A socialist and a libertarian capitalist are arguing about income inequality in the UK:
S: "Allowing some people to earn many millions of pounds every year is wrong. And, as in the example of private equity fat-cats, paying a smaller proportion of their huge incomes in tax than a cleaner? A menial labourer pays more on every pound of his £15 k salary he earns than a guy earning £1 million? This cannot be justified! I propose a "maximum salary" (as suggested today on Guardian Unlimited's CiF...) - people can only earn a maximum of 100 times the average income (around £1.7 million in the UK) and can only accumulate an estate 50 times this amount! The excess should be paid in tax or given to charity!"
LC: "Why? It's not as if central government gave these people that money - why should it be theirs to take? Wealthy people like Bill Gates, JK Rowling, Robert Dyson etc have contributed to the richness and diversity of the world we live in, should they not be rewarded?"
S: "Overcharging for a second-rate OS, writing overhyped children's books and designing a better vacuum cleaner? Anyway - giving excess income to charity should be mandatory, but which charity you pay into shouldn't be. Then you would be able to choose the reward for your labours: which particular way to make the world a better place. Anyway: "central government" provide the basic infrastructure and commons that allows the free market to exist, also recall that "central government" is democratically elected by a majority (or at least a plurality) of voters."
LC: "That's actually a good point about choosing which charity to give you excess to. Maybe Diab is right, but it still feels like an imposition to me - what happens if the wealth is inherited?"
S: "I guess in this case inherited wealth would also be limited."
LC: "Right, so what about genetic characteristics? What if someone is more intelligent due to the activation of a particular gene that enhances the early development of the hippocampus?"
S: "That would be the part of the brain that controls spacial mapping and influences mathematical understanding?"
LC: "Right, so how do you redistribute genetically inherited traits?"
S: "First off: wealth is not a genetic trait. I would quote "each according to their ability to each according to their needs but we both know that's a broken idea anyway..."
LC: "Agreed."
S: "Secondly the "elite" would still have a (crude) reason to create wealth, beauty, and help people - they could choose how the excess money they spend is spent. They just have to give it to a charity. They could even make their own charity I guess."
LC: "I still think that an "upper limit" on wealth is an area the government shouldn't legislate on. It's like capital punishment, the state has no right to murder people, and it has no right to prevent people becoming ludicrously wealthy. Also, if charity becomes compulsory, it will be less valued generally - it will become just another tax.
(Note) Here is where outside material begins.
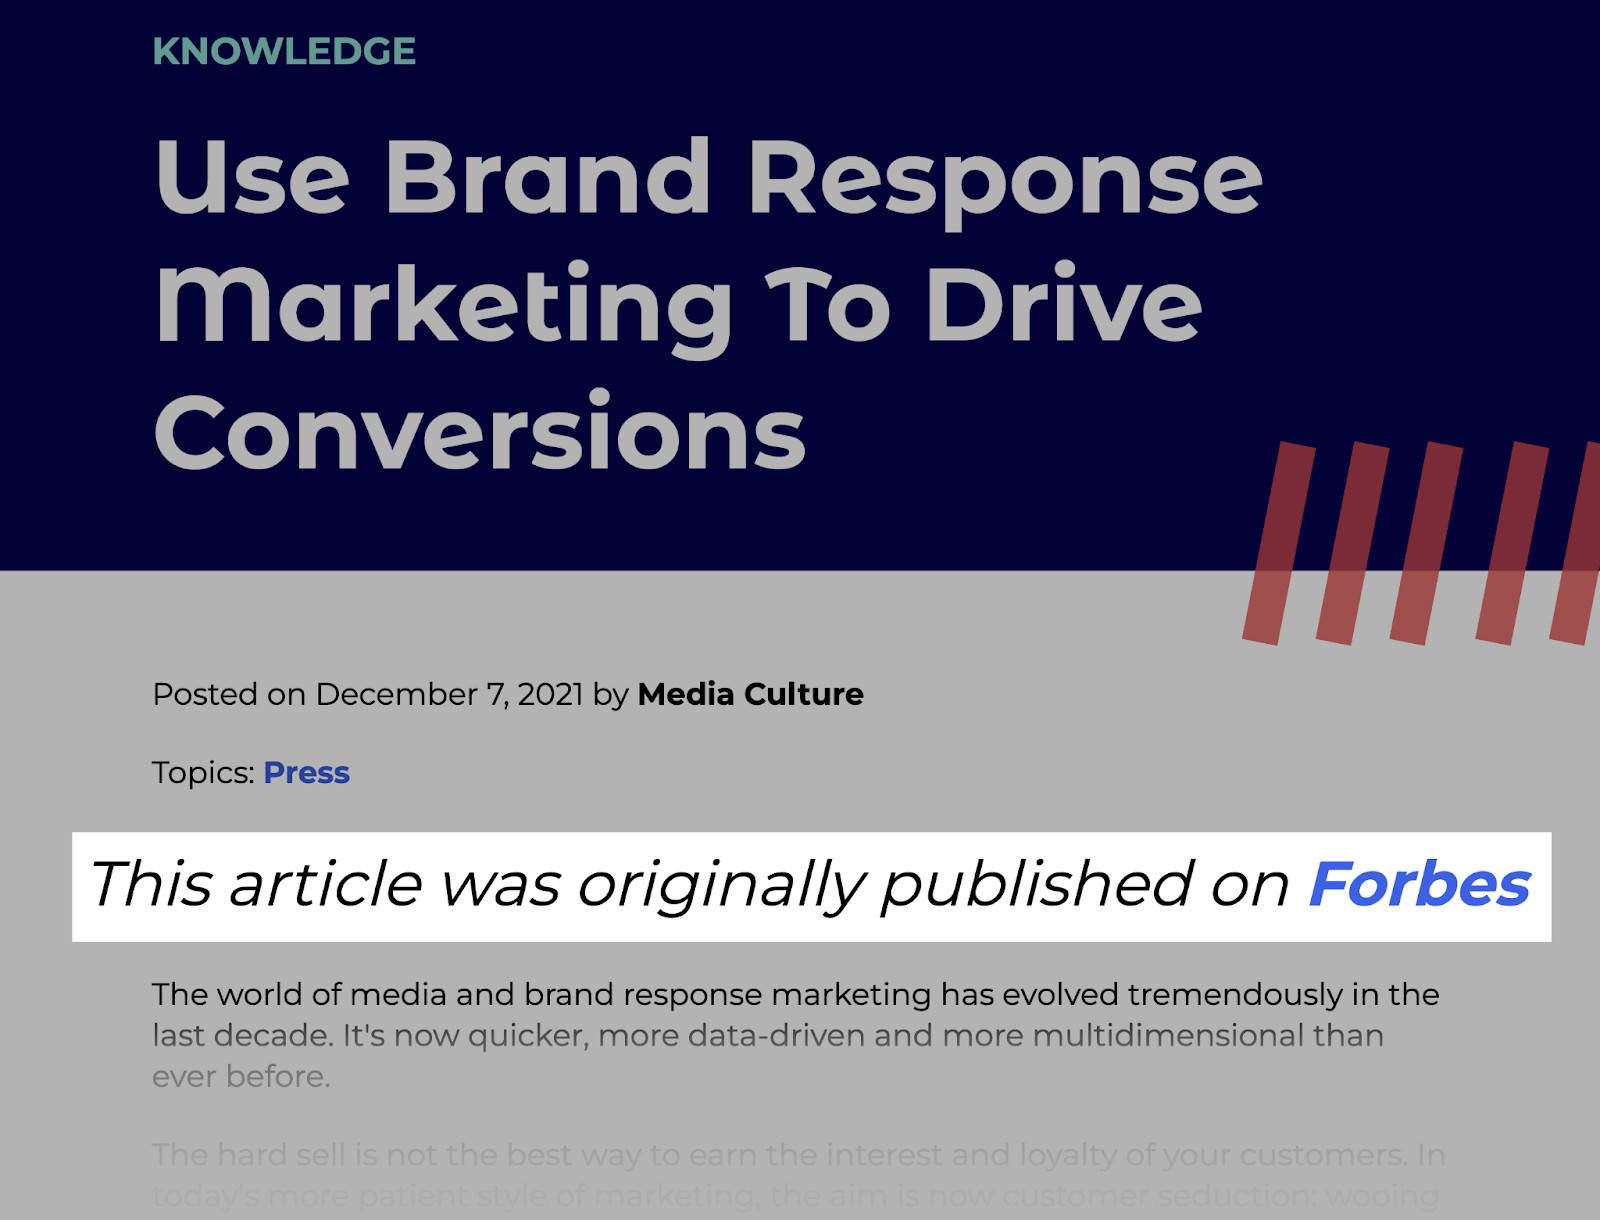 "This article was originally published on Forbes" note in an article published on Knowledge

I also don't think a few extremely wealthy people are a problem, inequality should be solved by increasing the wealth of the people at the bottom by encouraging them to aspire, rather than handing them cash confiscated from the very wealthy."
S: "The problem is that in many cases the people at the bottom of the income scales are there simply because of circumstances beyond their control, like intelligence - a concept I am not entirely comfortable with - but nevertheless there are differences in people's ability to comprehend, visualise, and affect their environment, it is beholden on those who can do so to help those who can't, or at least ensure they are happy."
LC: "Well I can agree with that - I would do so by encouraging aspiration and demolishing the class system - why should a lawyer be considered any more worthy than a plumber? Both perform essential tasks but the former is still thought of as being intagibly "better" - I hesitate to attempt any sort of social engineering, but entrenched class prestige isn't helping anything."
And so on.
I don't personally agree with Diab that there should be a super super tax on the uber-wealthy. There is an article (subscription required) in this week's issue of Prospect magazine on taxing the wealthy. It quotes the eminently sensible comment of Jean-Baptiste Colbert that taxation is the art of "extracting from the goose the maximum amount of feathers with the minimum amount of hissing".
Another intriquing nugget in the article was that for several years the proportion of GDP taken as tax has remained constant at around 37% for several years.
I doubt very much that the kind of super super tax proposed by Diab will be implemented any time soon. And I do believe that the current hysteria concentrates on the rich, when it should be concentrating on the poor - the scandal is that the income of poor people has not increased in the same way as the income of the richest people.